仁は、懐からゆっくりとナイフを取り出す。外灯に照らされ、ナイフが鋭く光った。
「許さない…。知香子を捨てて、この女と幸せになるだなんて…そんなこと許さない!」
言いながら、和彦に突き進んで来る。和彦は、ナイフを握った仁の拳を受け止めた。男ふたりで、揉み合いになる。
「お、お願い…止めて!止めて!!」
「邪魔だ。お前は引っ込んでろ!」
「あっ…」
和彦の身を守ろうと、ふたりの間に入ろうとした知永子は、仁に突き飛ばされバランスを崩した。
「知永子…」
知永子を助けようと和彦が手を差し伸べた瞬間、ナイフが彼の腹部へと突き刺さる。
「…うっ」
言いながら、和彦は倒れ込んだ。

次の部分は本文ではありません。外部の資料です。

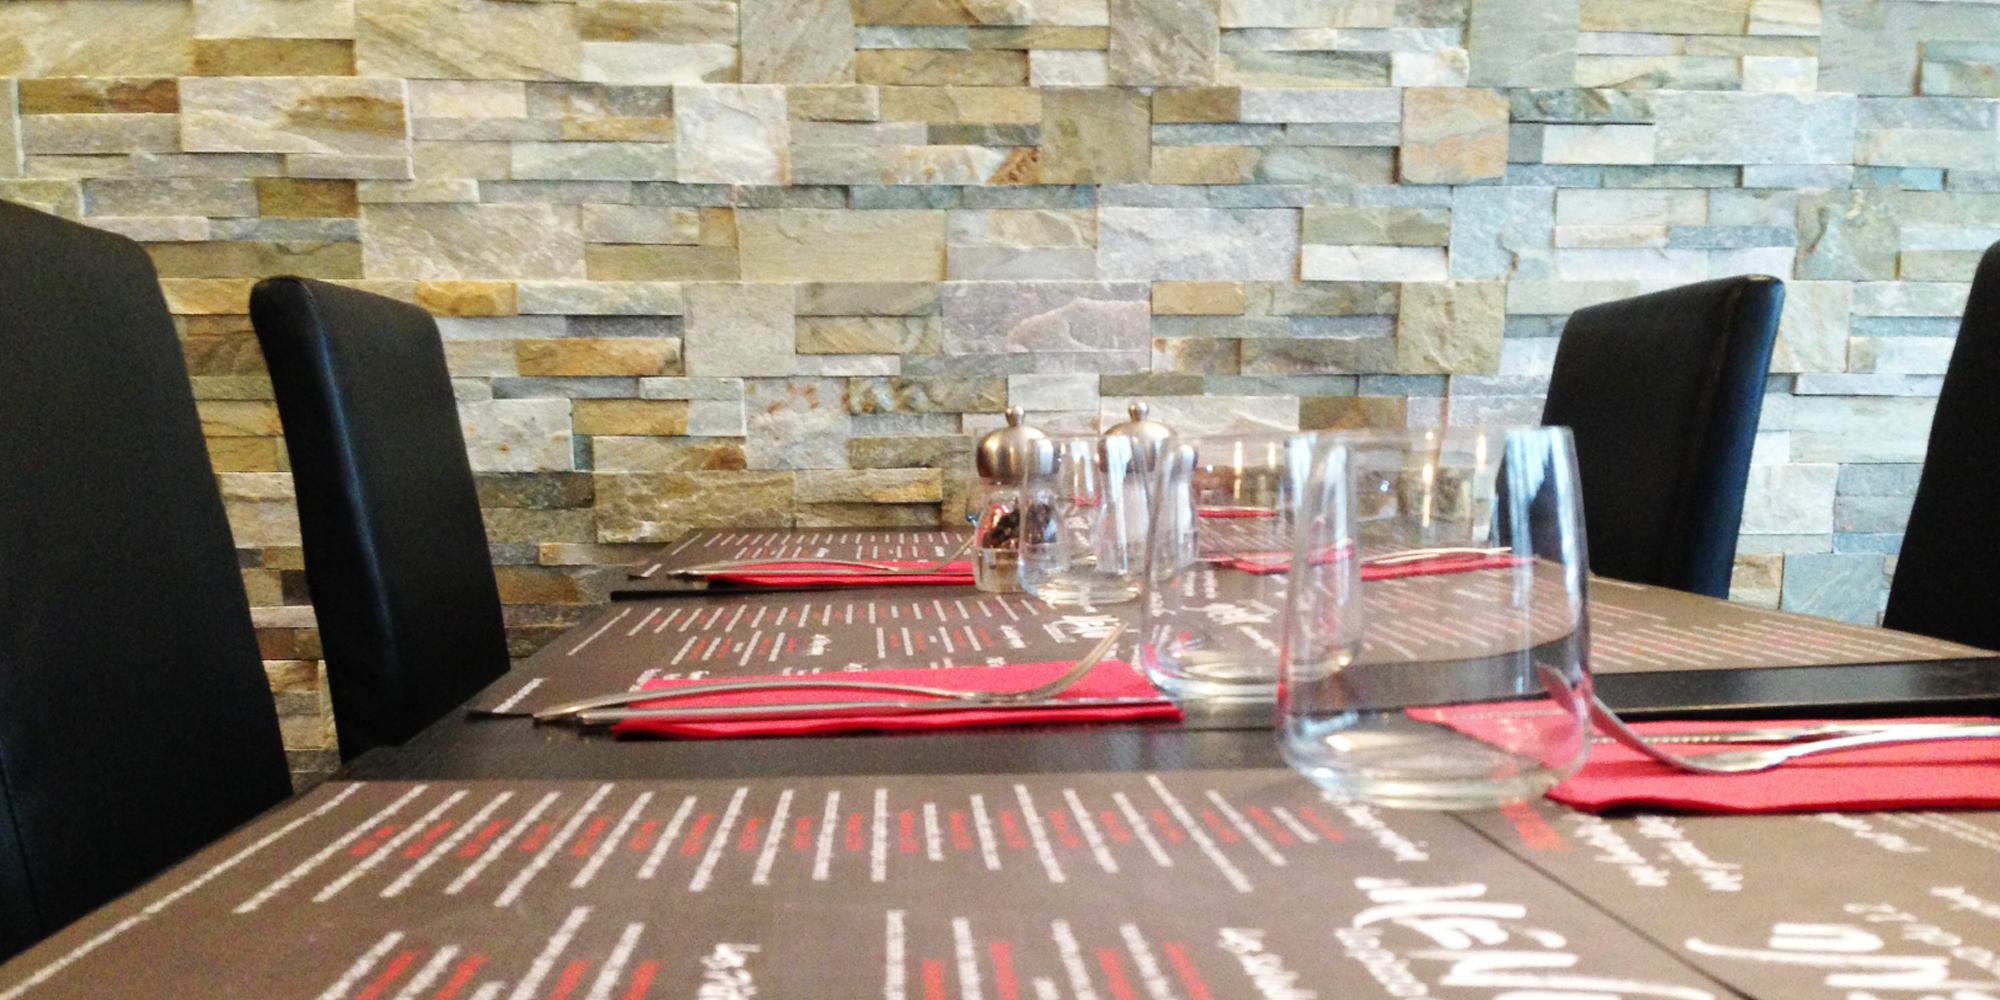 brunch la pizza du 12 75012 paris oubruncher. Black Bedroom Furniture Sets. Home Design Ideas

知永子は、突然のことに事態を把握出来ない。
「か、和彦…どうしたの!?和彦!」
うつ伏せになった和彦を、恐る恐る抱き起こした。
「い、いやっ…いやあ~!!」
知永子は、絶叫する。和彦の腹にはナイフが深く刺さり、溢れ出た血液がその周りを汚していた。見る見るうちに、広がって行く。
「和彦…しっかりして。お願いだから…死んだりなんかしないで…」
知永子は、和彦の血で服が汚れるのも厭わず、和彦に縋りついた。和彦の頬を撫でる。
「知永子…ごめんよ。俺はもう、君を守れないみたいだ…。こんなにも、知永子…君を、愛しているのに…」
和彦は、そう言ってゆっくりと瞼を閉じた。和彦の体から、一気に力が抜ける。
「いやあ~!和彦~!!」
和彦の髪を掻き抱きながら、知永子は泣き叫んだ。